### Exercise prompt
Everything from the line that holds "Le gambe e i" through the end of the records below is to be transcribed exactly, except the pictures.

[Data shown]

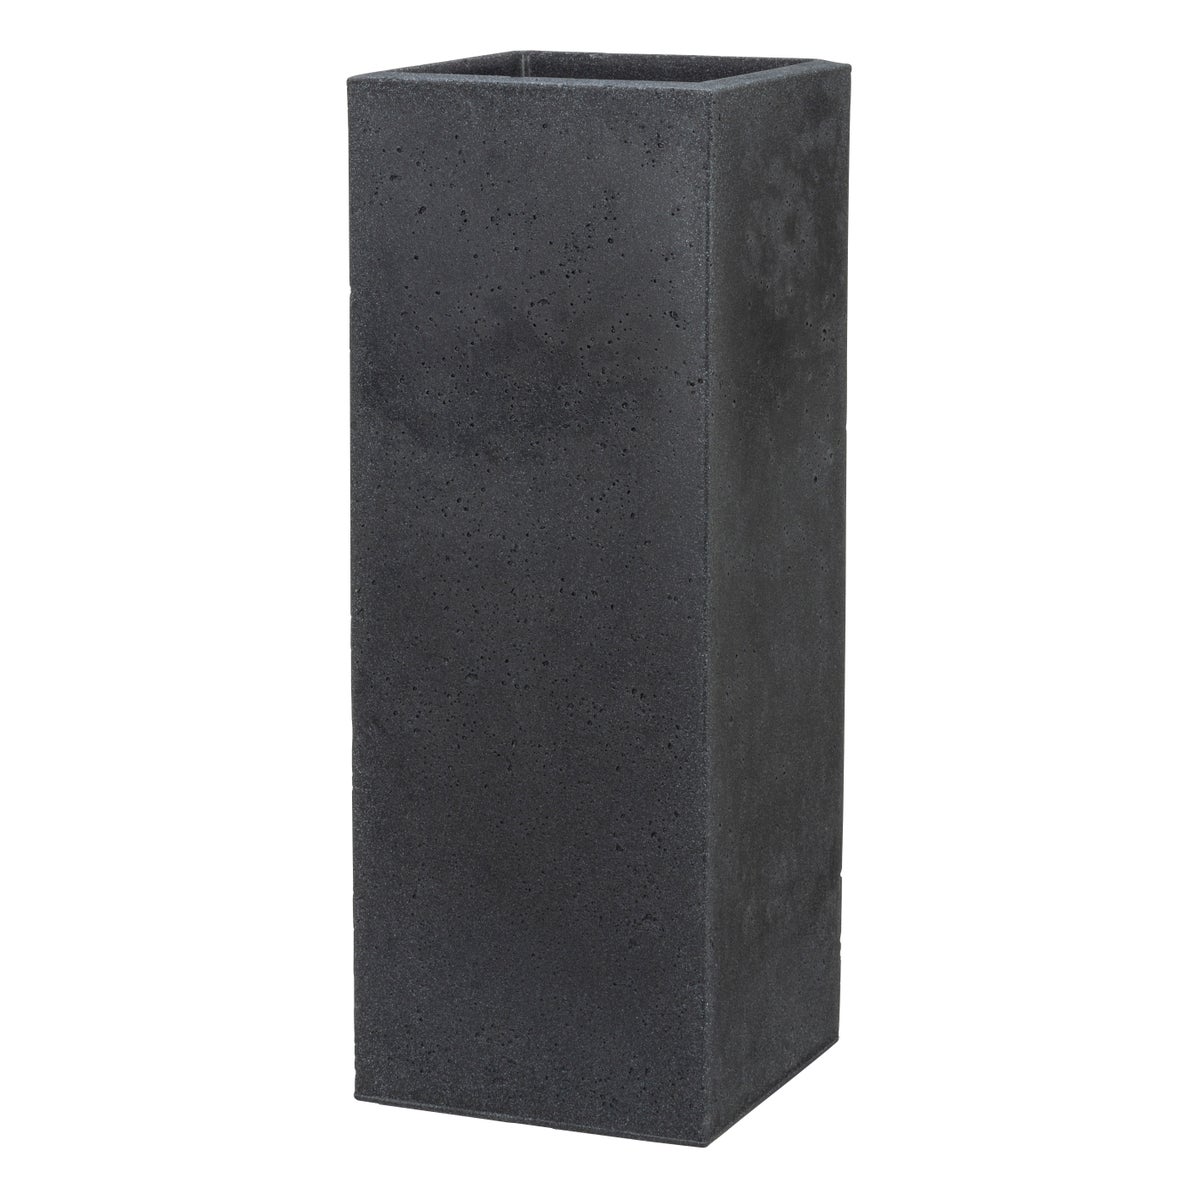 Scheurich C-Cube High 70, Hochgefäß/Blumentopf/Pflanzkübel, quadratisch,  aus Kunststoff Farbe: Stony Black, 26 cm Durchmesser, 69,8 cm hoch, 9 l Vol.
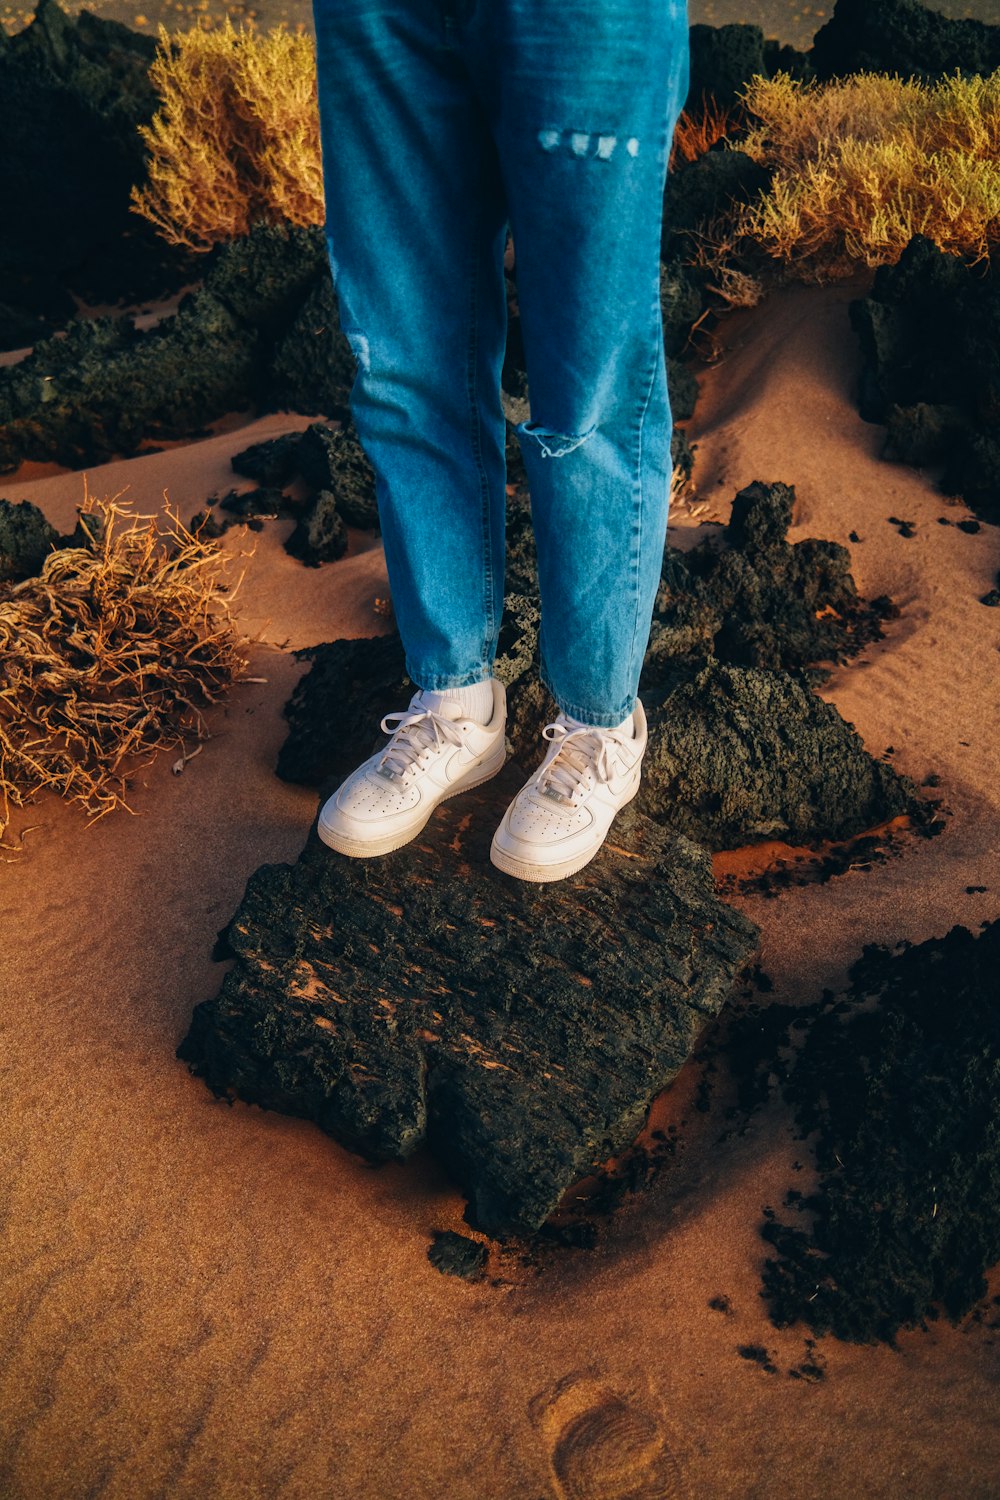 Le gambe e i piedi di una persona su una roccia
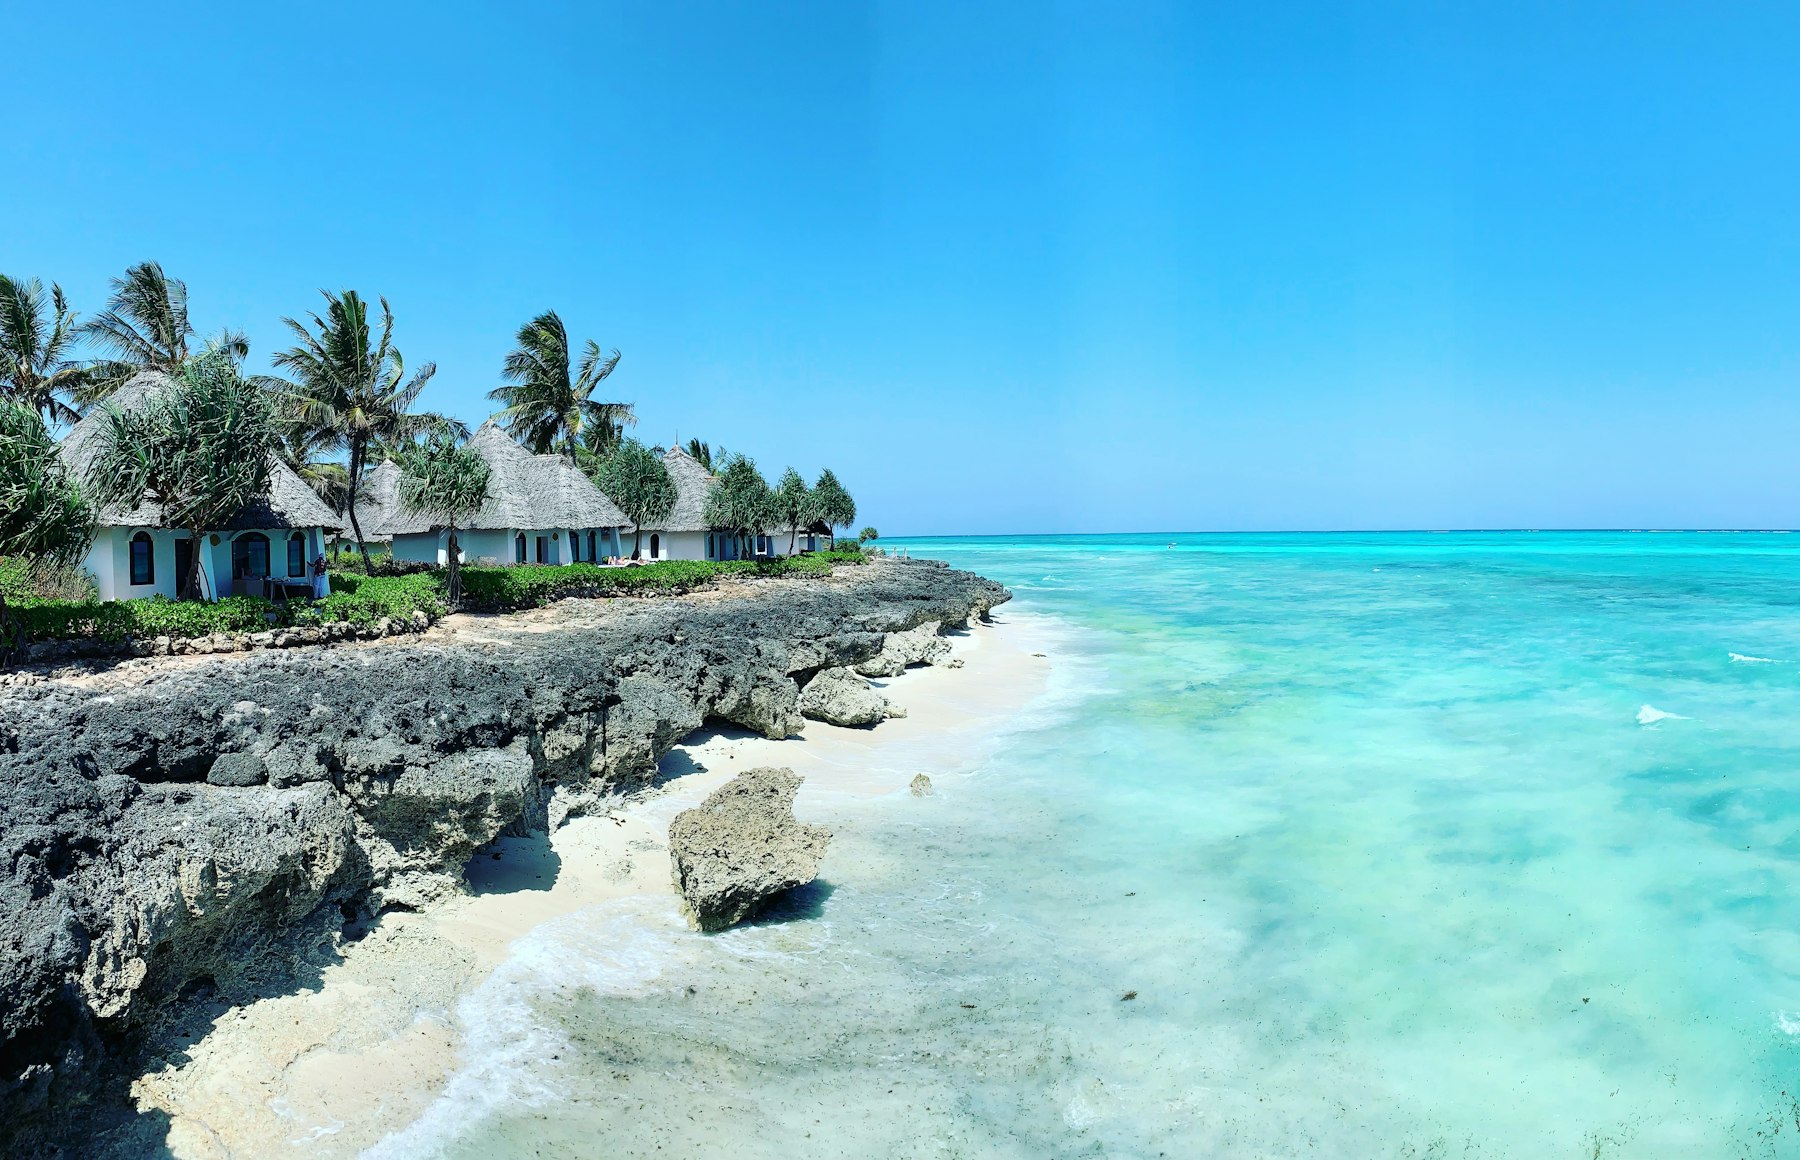 Casette affacciate sul mare cristallino di Zanzibar
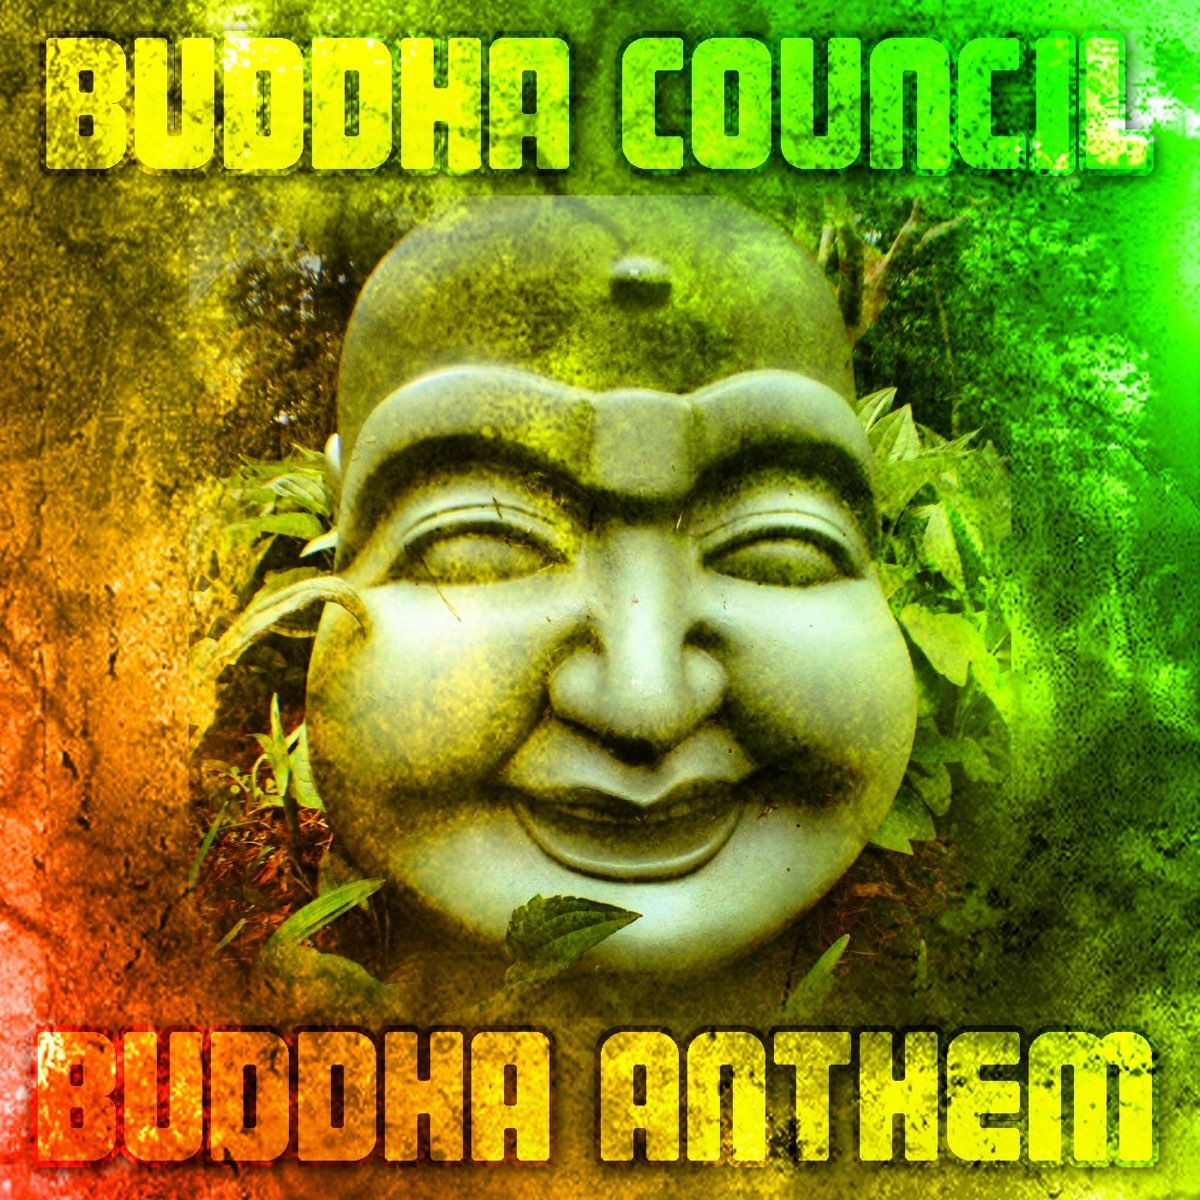 Будда слушает. Смеющийся Будда музыкальный. Альбом Будды бандит обложка. Олджи Будда песни. Будда слушает аудиокнига
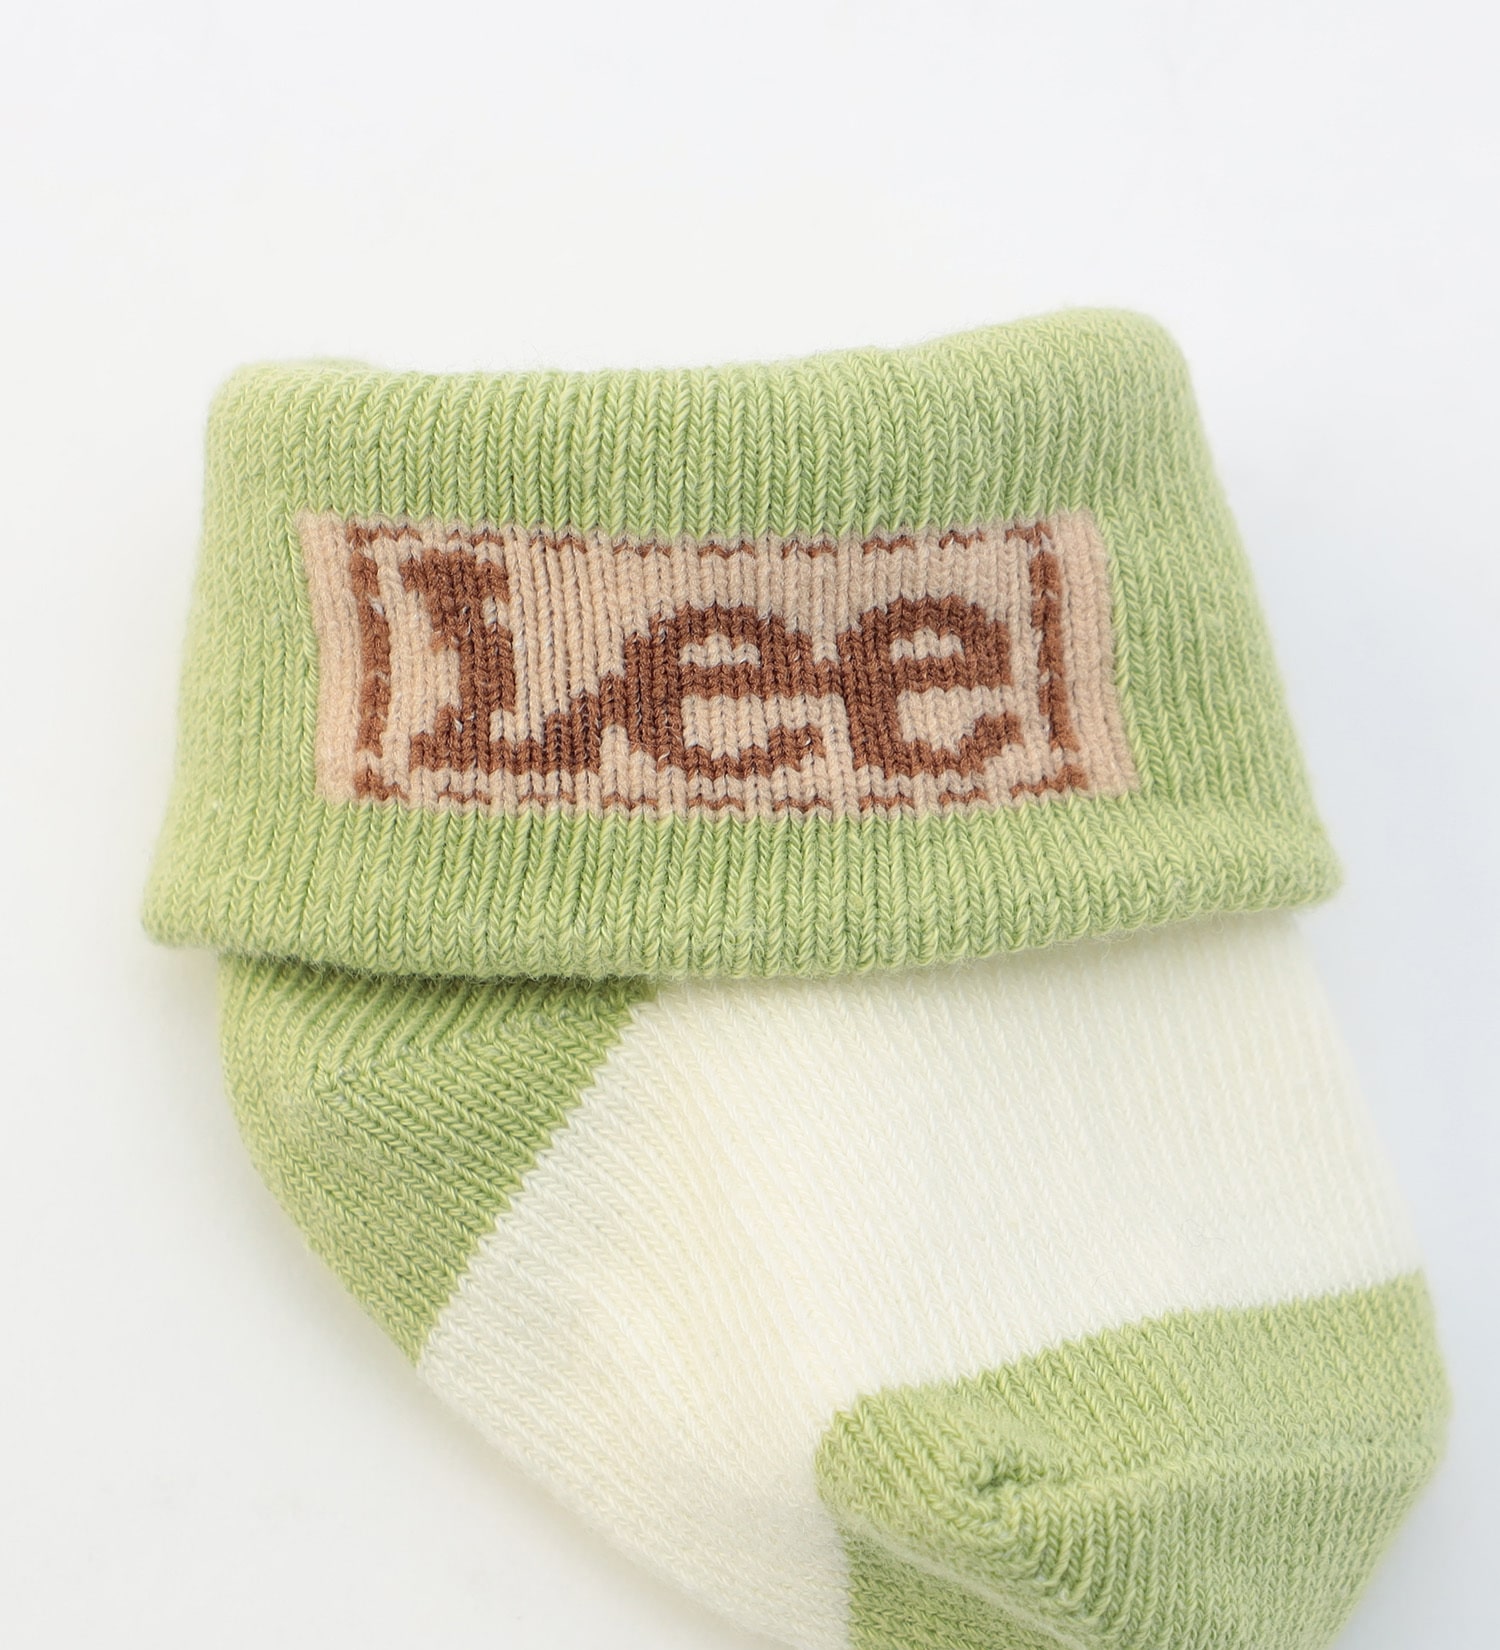 Lee(リー)のLee 新生児ソックス 2足組|ファッション雑貨/靴下/キッズ|その他1

[/Data shown]

### Answer box
 Le gambe e i piedi di una persona su una roccia
 Casette affacciate sul mare cristallino di Zanzibar
 Будда слушает. Смеющийся Будда музыкальный. Альбом Будды бандит обложка. Олджи Будда песни. Будда слушает аудиокнига
 Lee(リー)のLee 新生児ソックス 2足組|ファッション雑貨/靴下/キッズ|その他1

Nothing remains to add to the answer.